### Directions for this task
The listing below should be printed again word for word, without any images.

### Data for processing
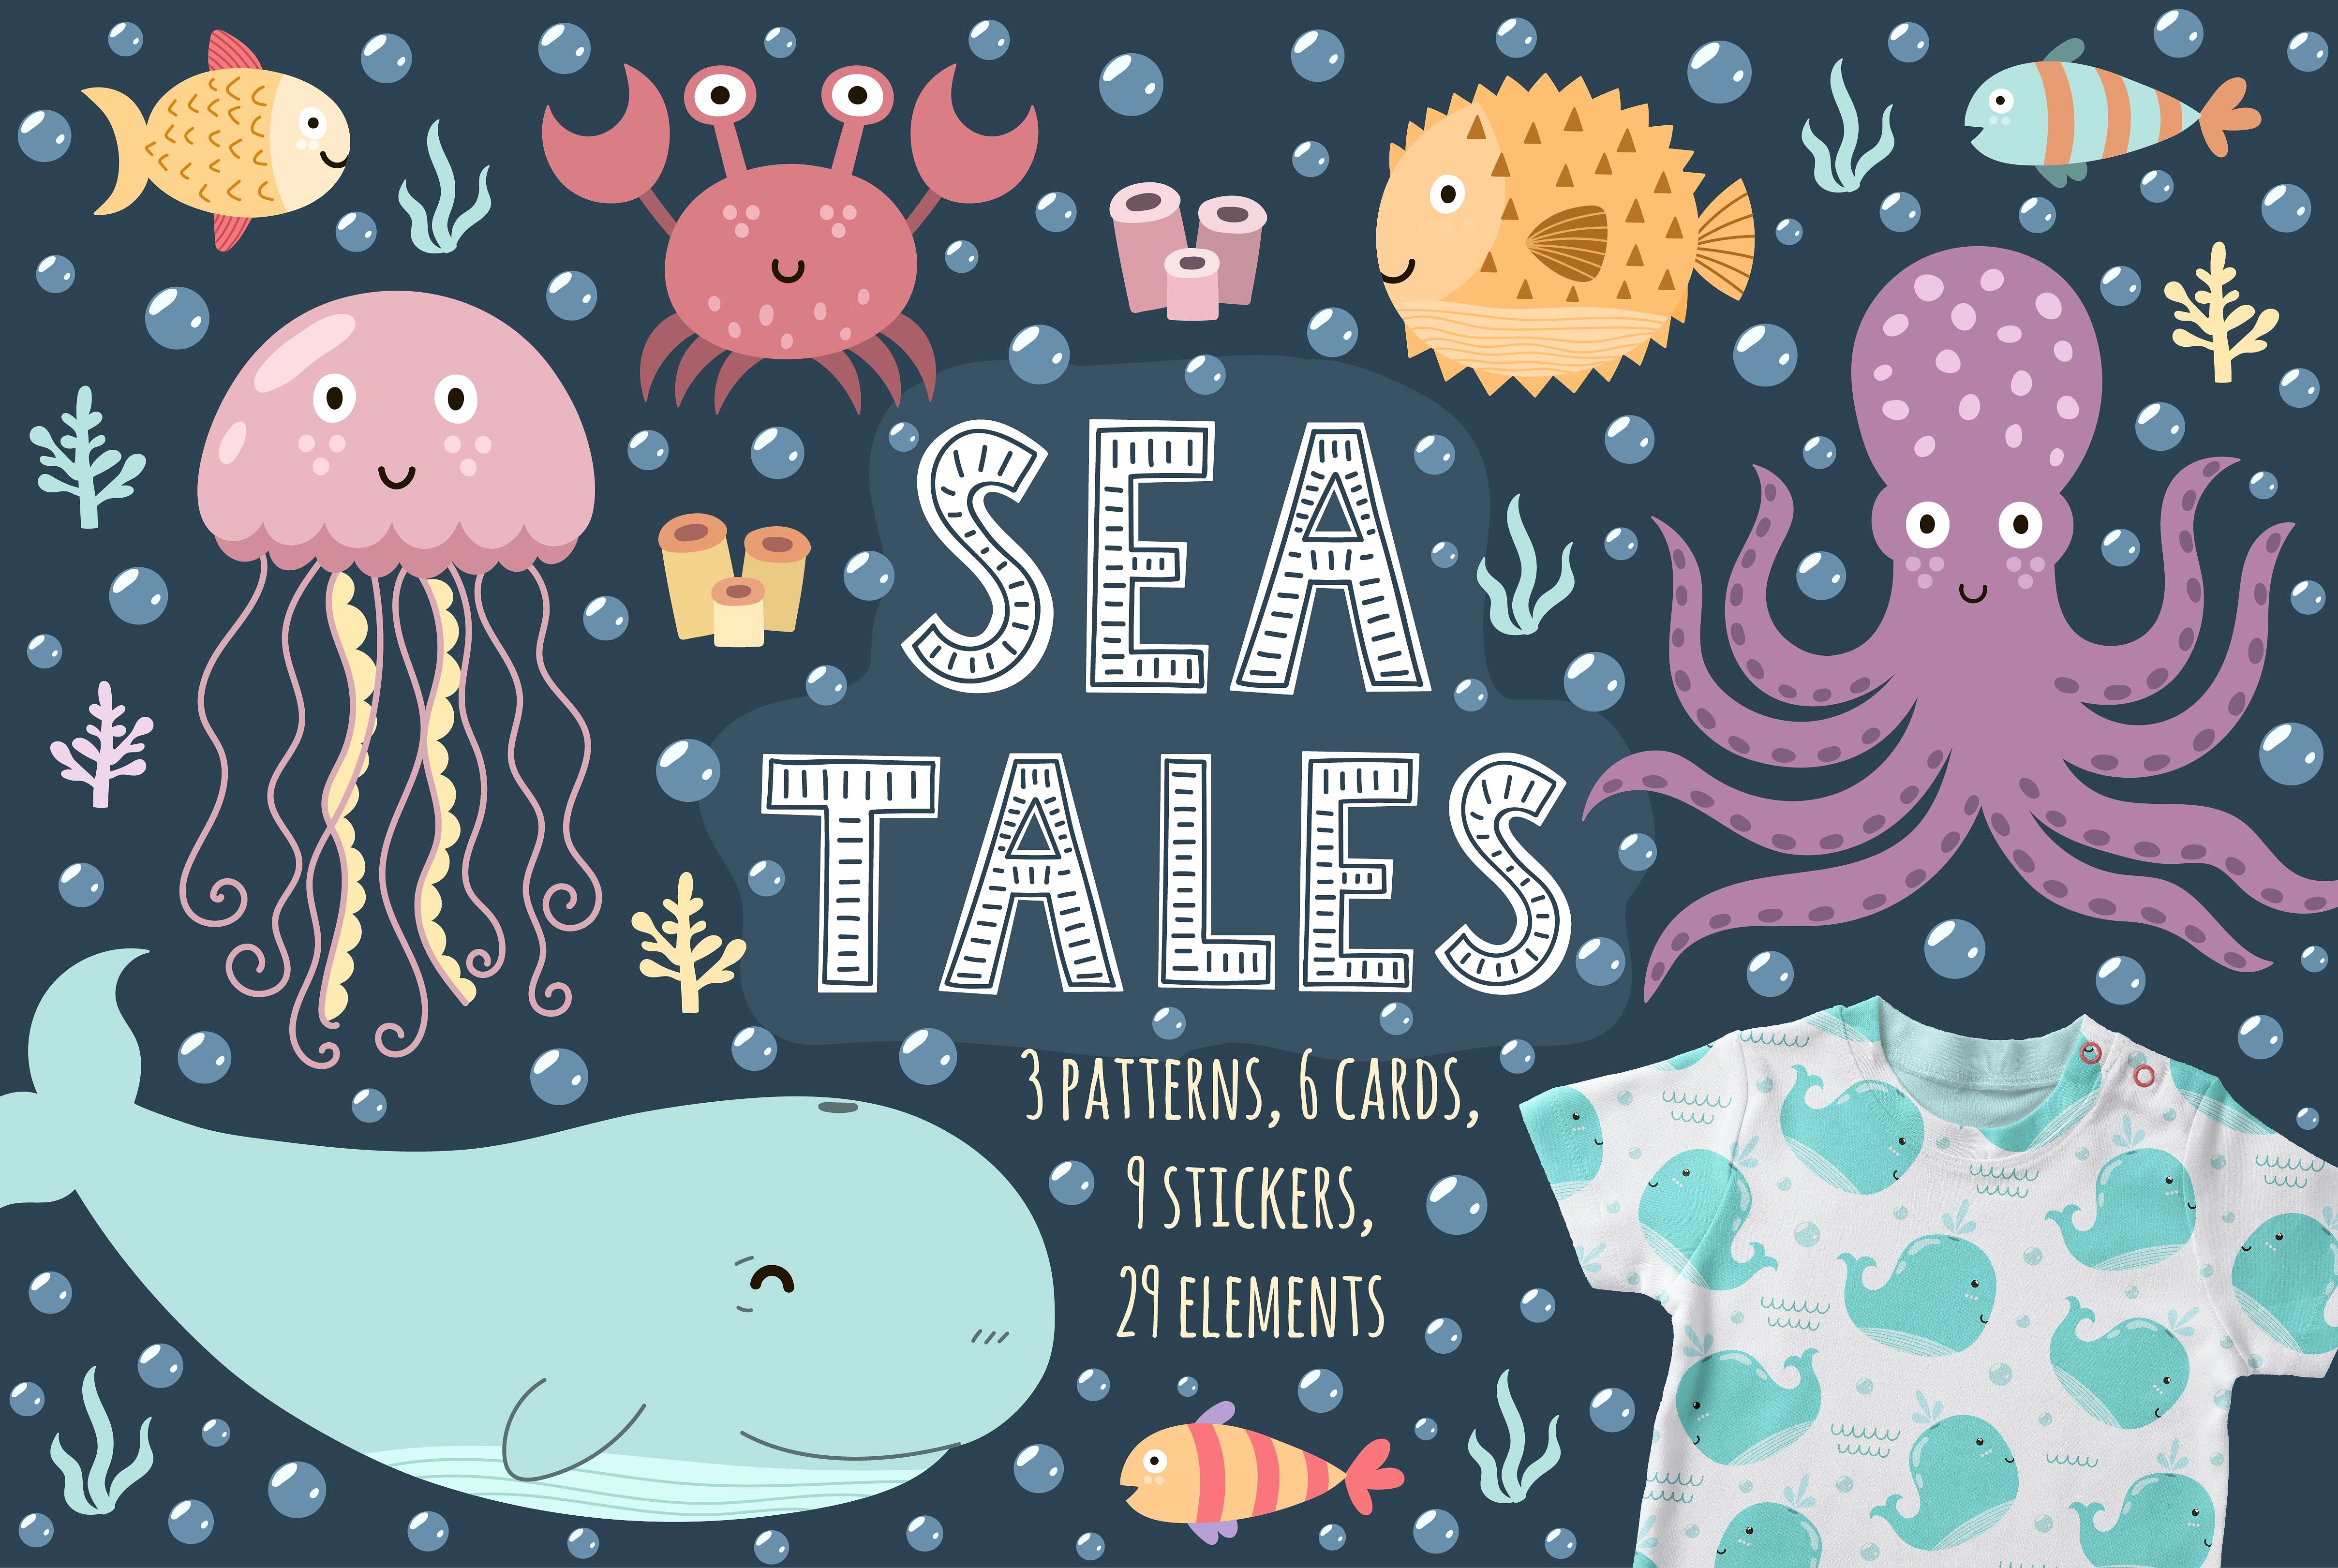 可爱的海洋动物矢量无缝背景素材Sea_Tales_patte
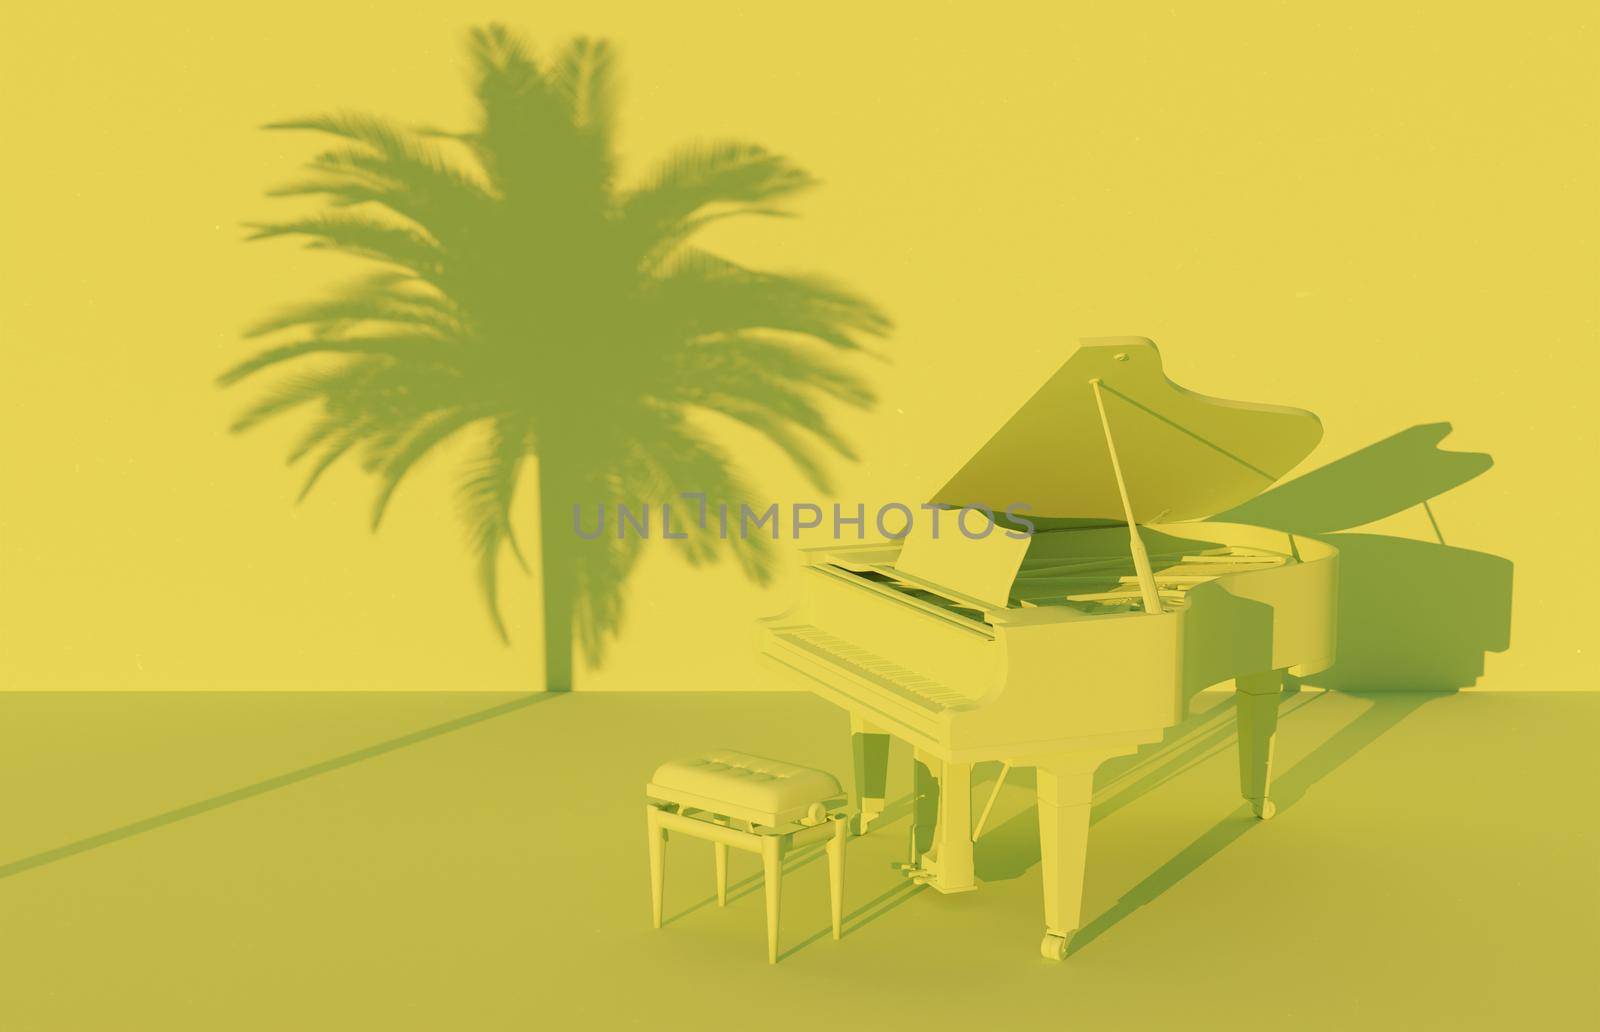 grand piano in monochromatic scenery by asolano
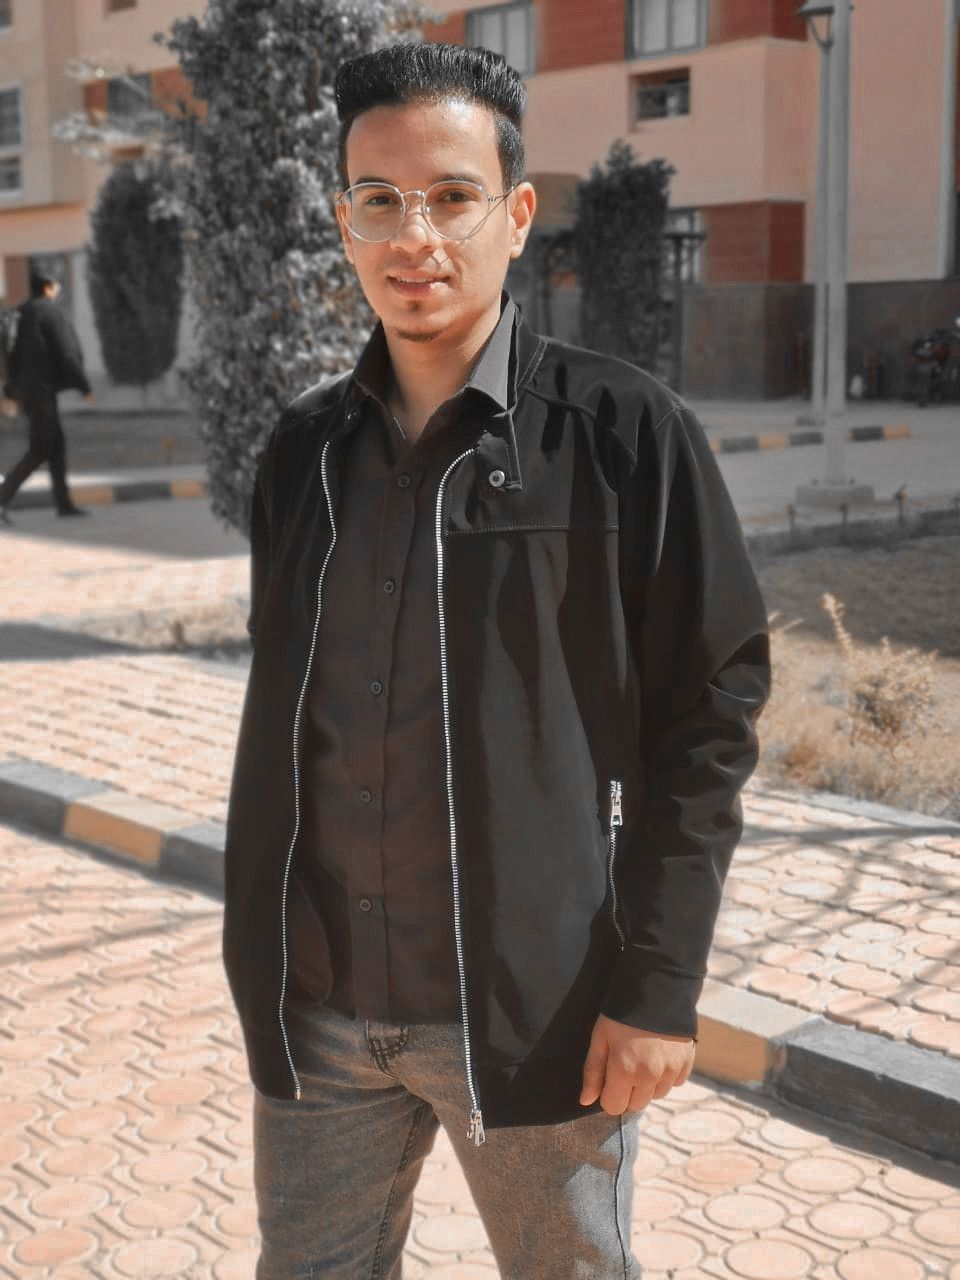 Abdallah Elahmerのプロフィール画像
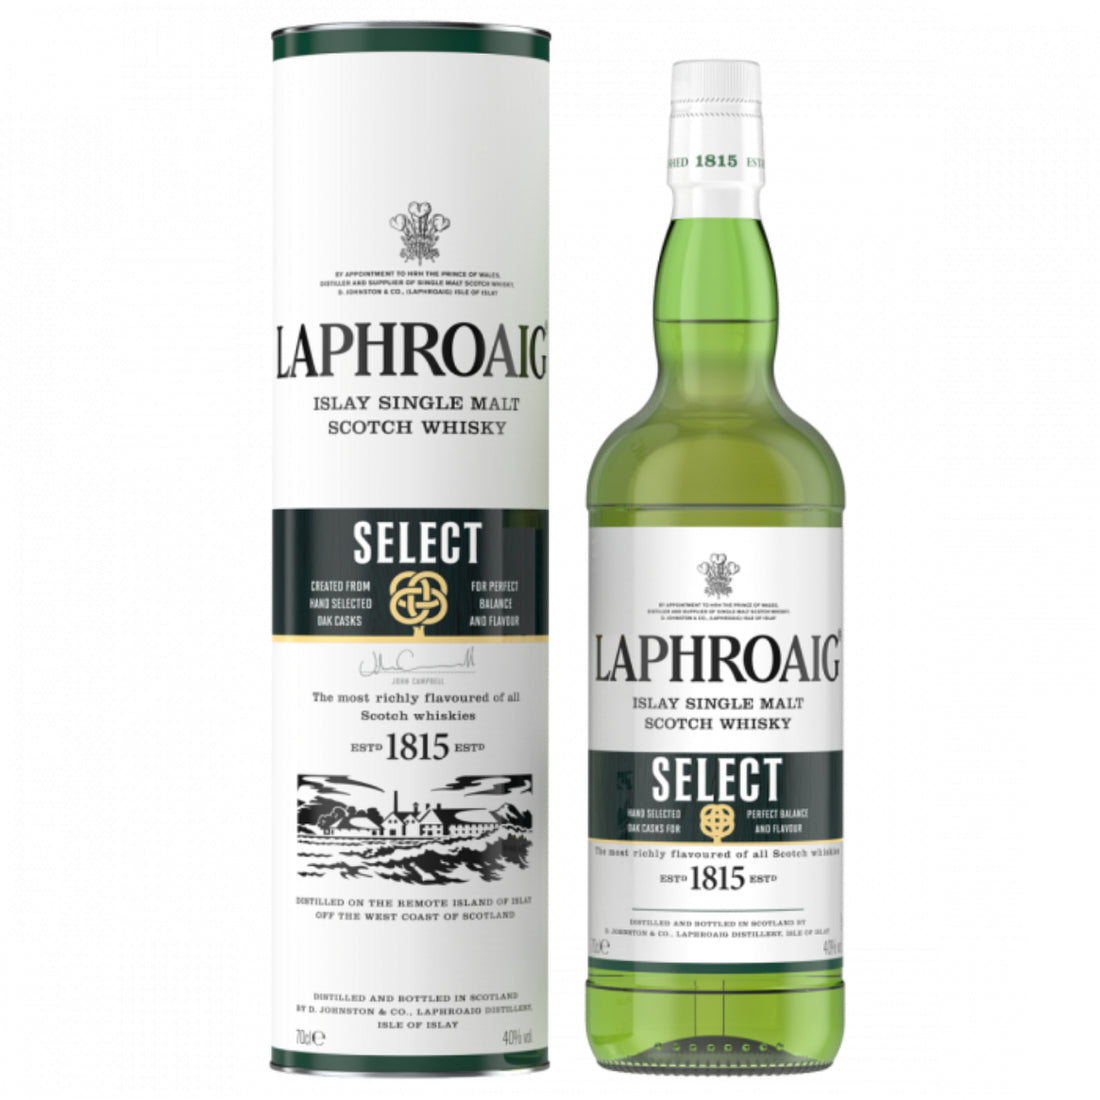 Laphroaig Select Single Malt Scotch caskexplorers Whisky –
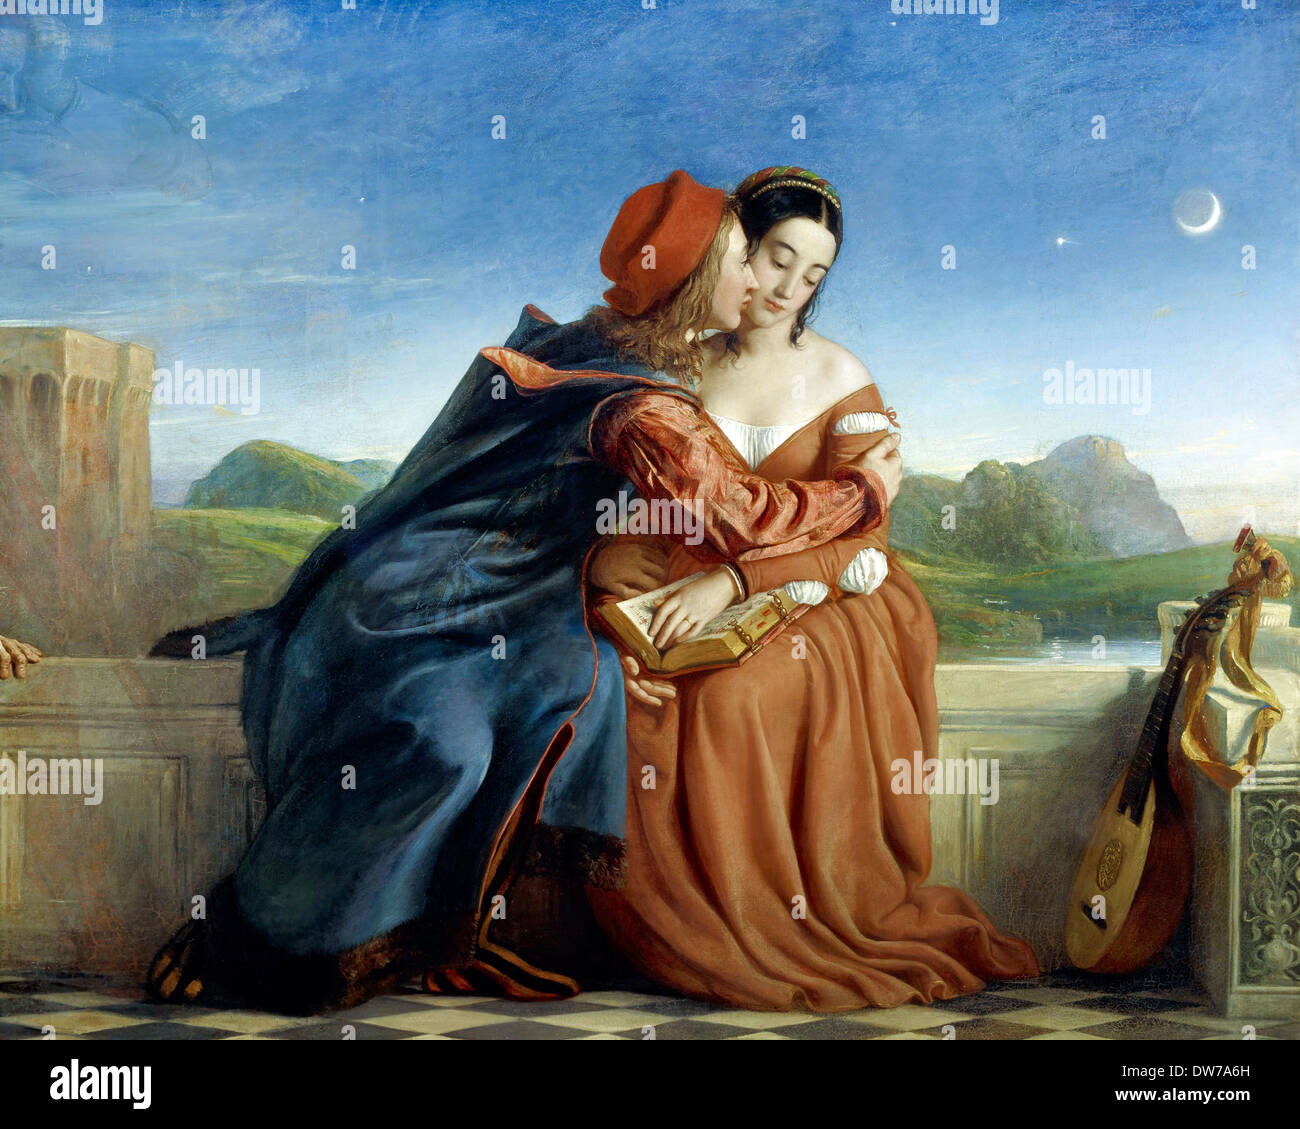 William Dyce, Francesca da Rimini 1837 Huile sur toile. Scottish National Gallery, Édimbourg. Banque D'Images

### Task result
 可爱的海洋动物矢量无缝背景素材Sea_Tales_patte
 grand piano in monochromatic scenery by asolano
 Abdallah Elahmerのプロフィール画像
 Laphroaig Select Single Malt Scotch caskexplorers Whisky –
 William Dyce, Francesca da Rimini 1837 Huile sur toile. Scottish National Gallery, Édimbourg. Banque D'Images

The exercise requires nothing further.